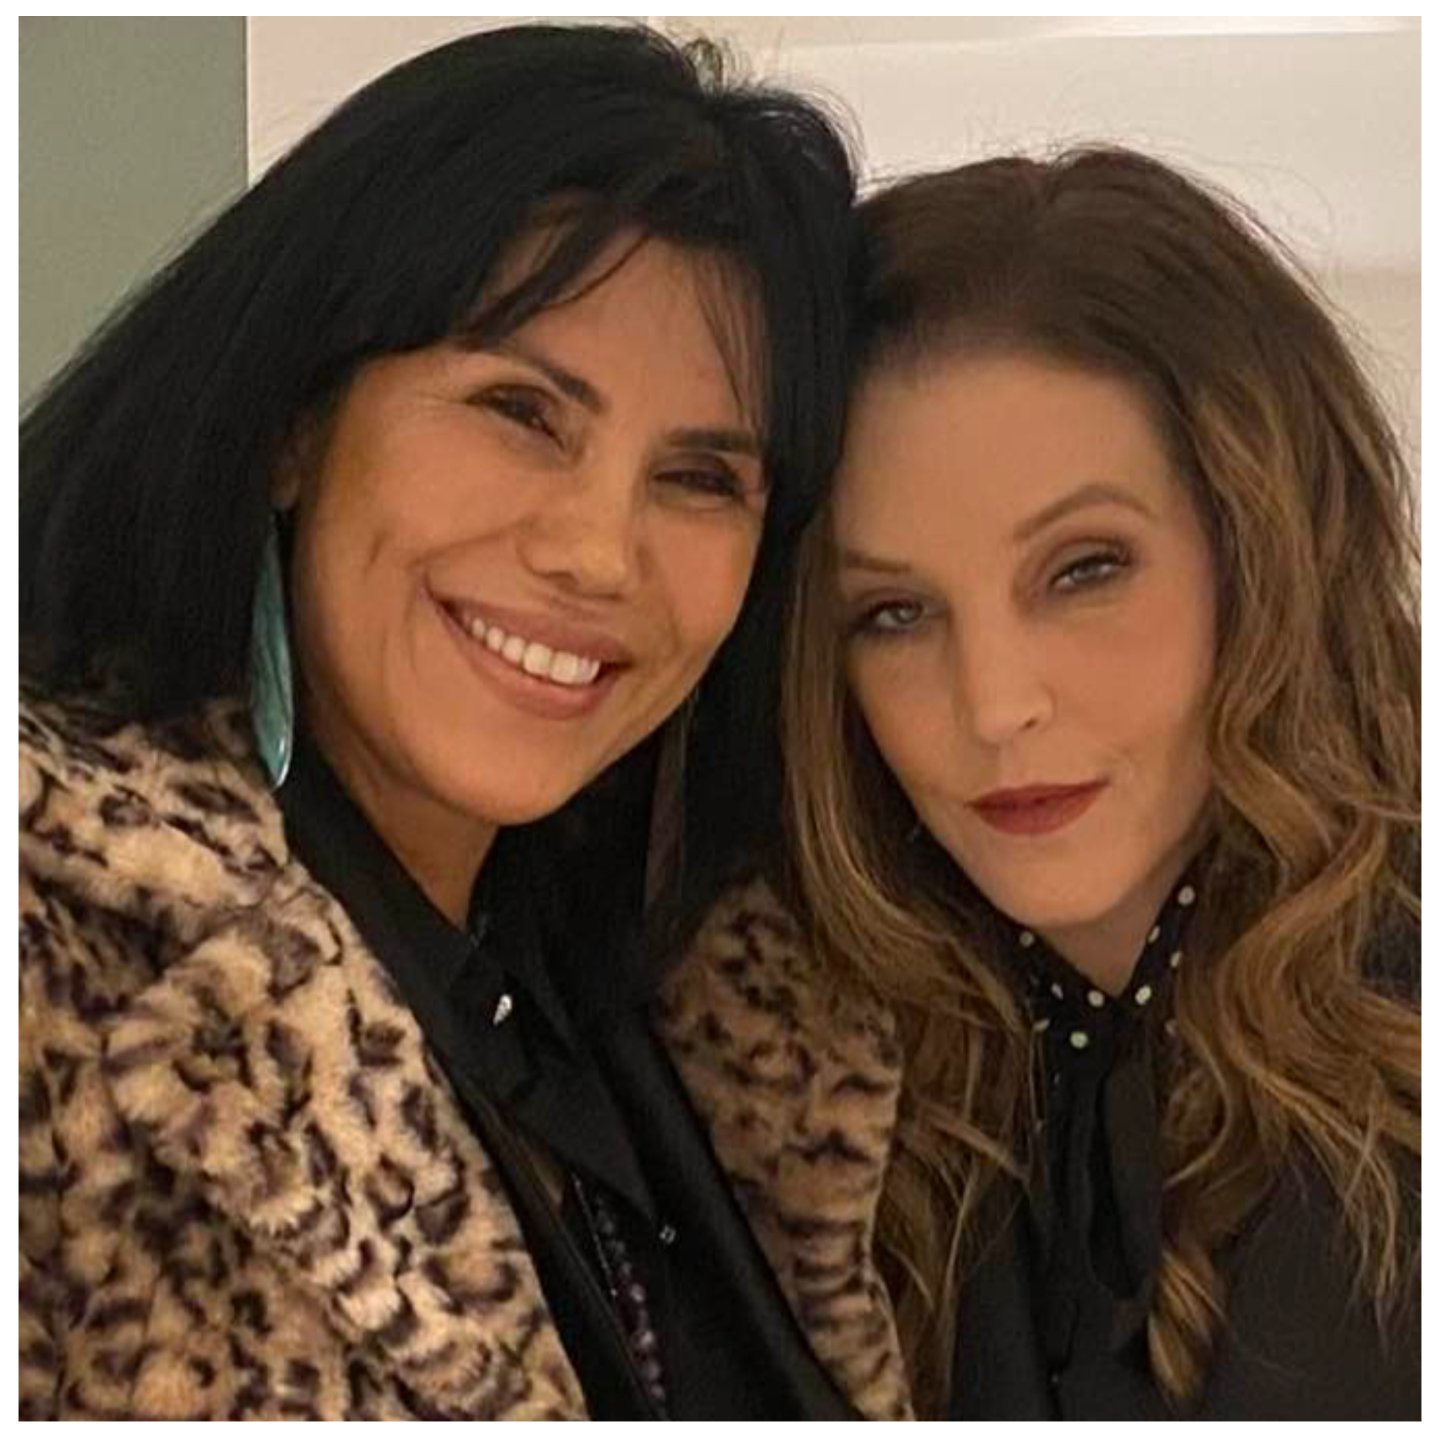 Joanelle Romero and Lisa Marie Presley 
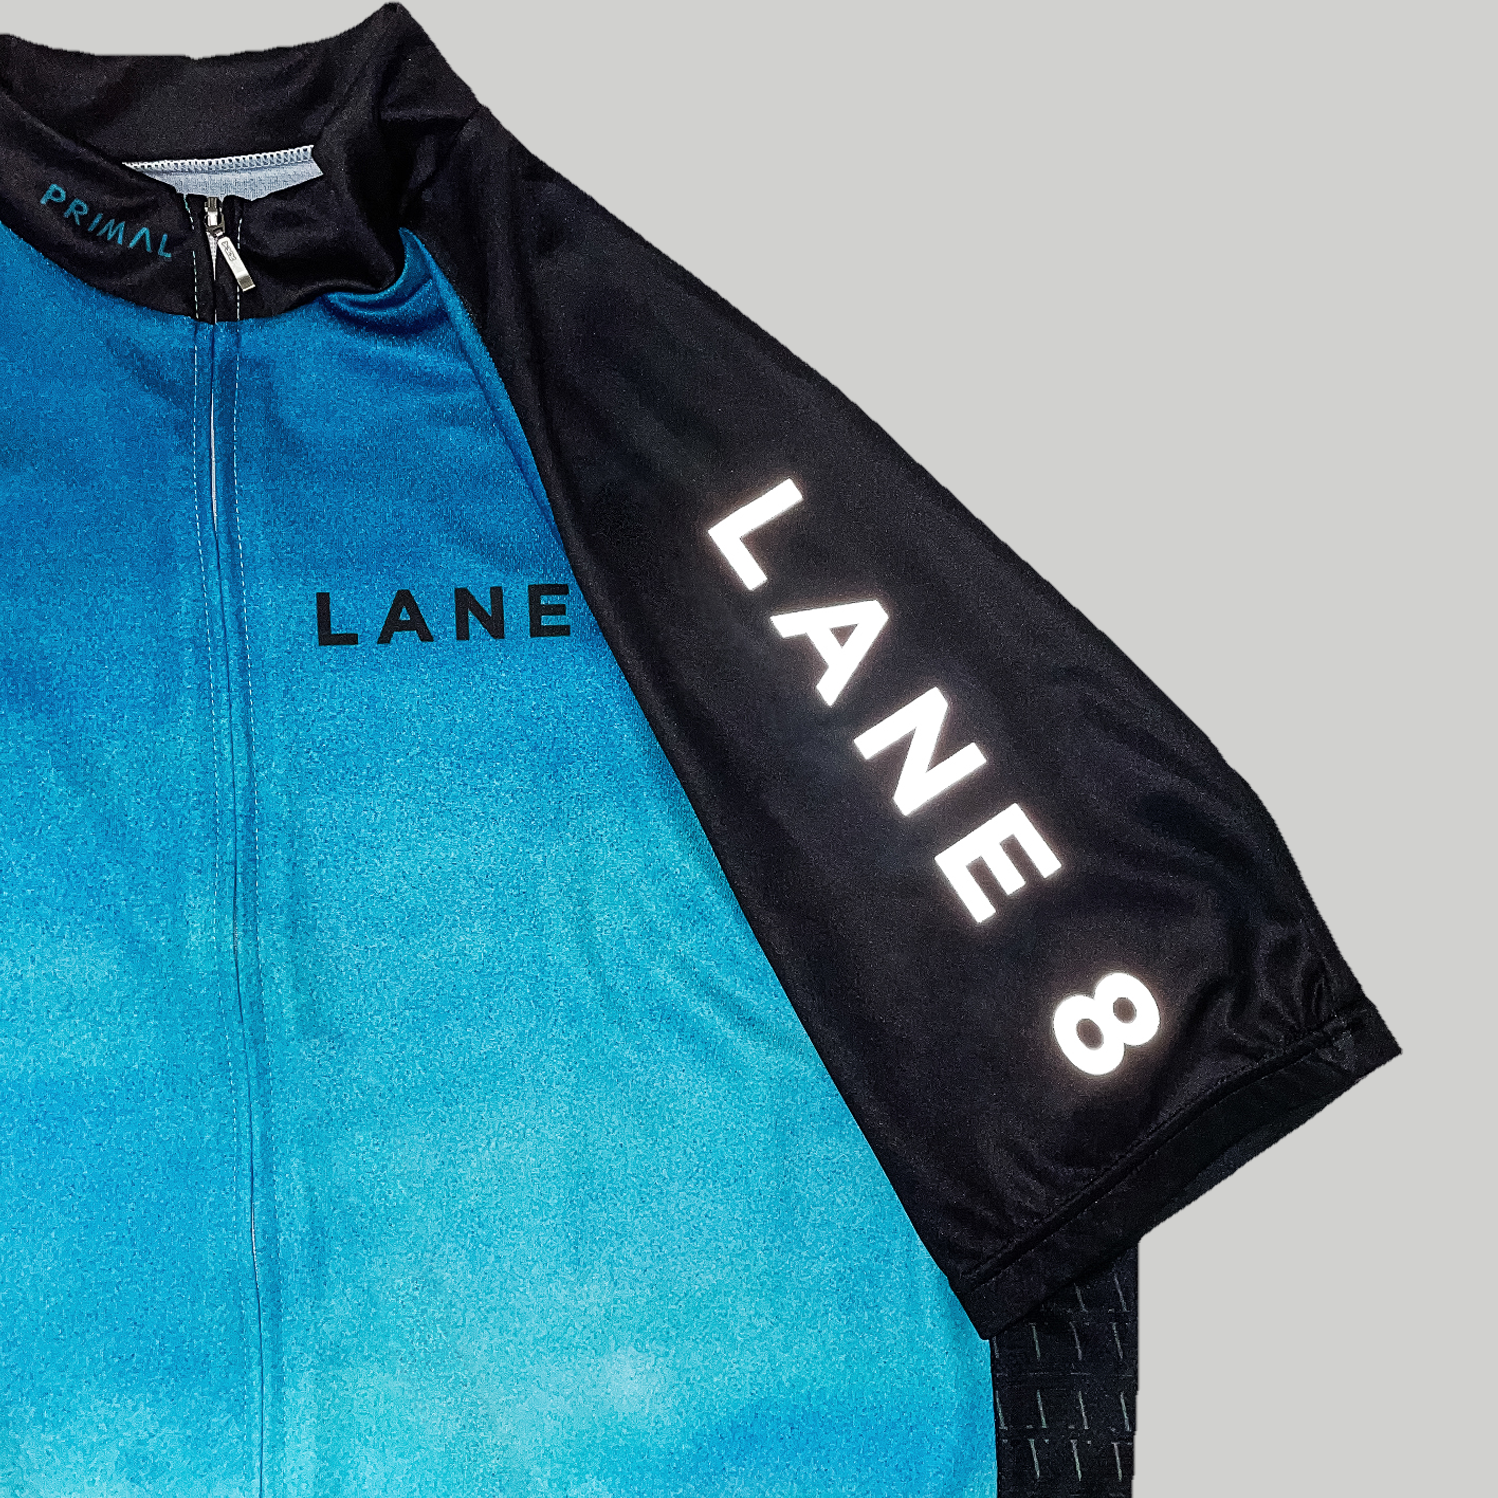 Lane 8 x Primal Cycling Jersey
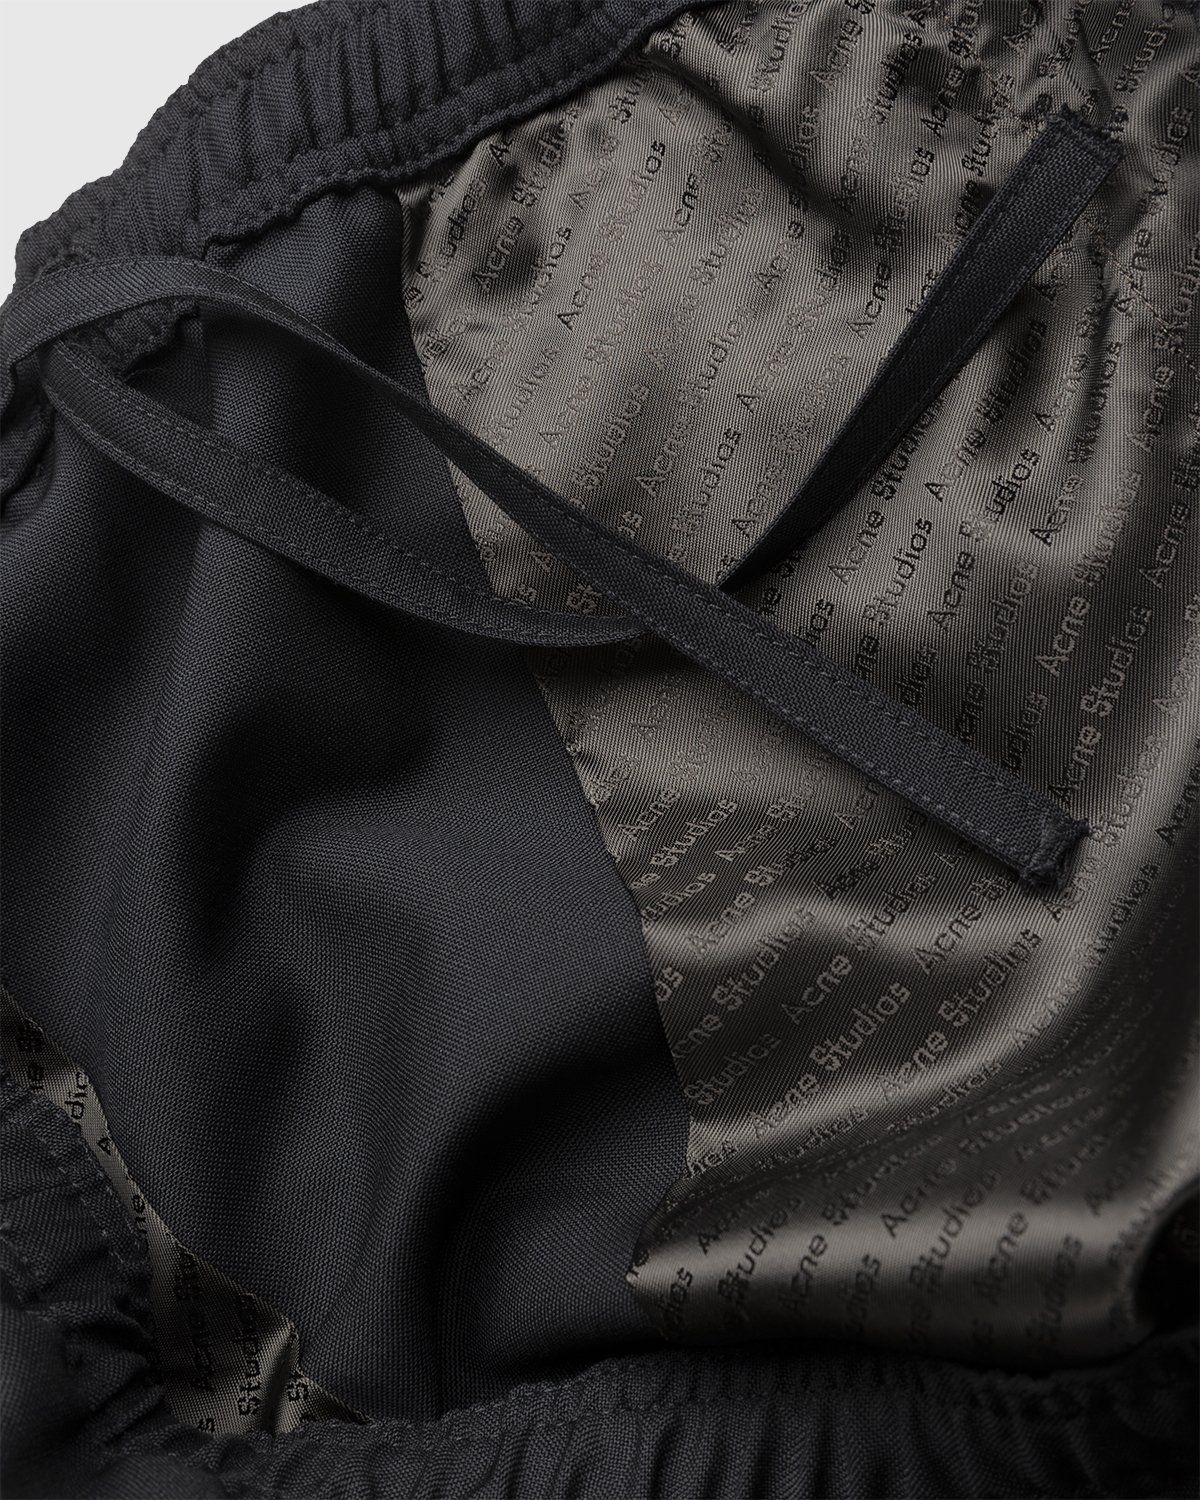 Acne Studios – Mohair Blend Drawstring Trousers Black - Trousers - Black - Image 5

» Exercise description
Leaving the pictures out, output all of the listing exactly.

» Output below
 Joanelle Romero and Lisa Marie Presley 
 Lane 8 x Primal Cycling Jersey
 Acne Studios – Mohair Blend Drawstring Trousers Black - Trousers - Black - Image 5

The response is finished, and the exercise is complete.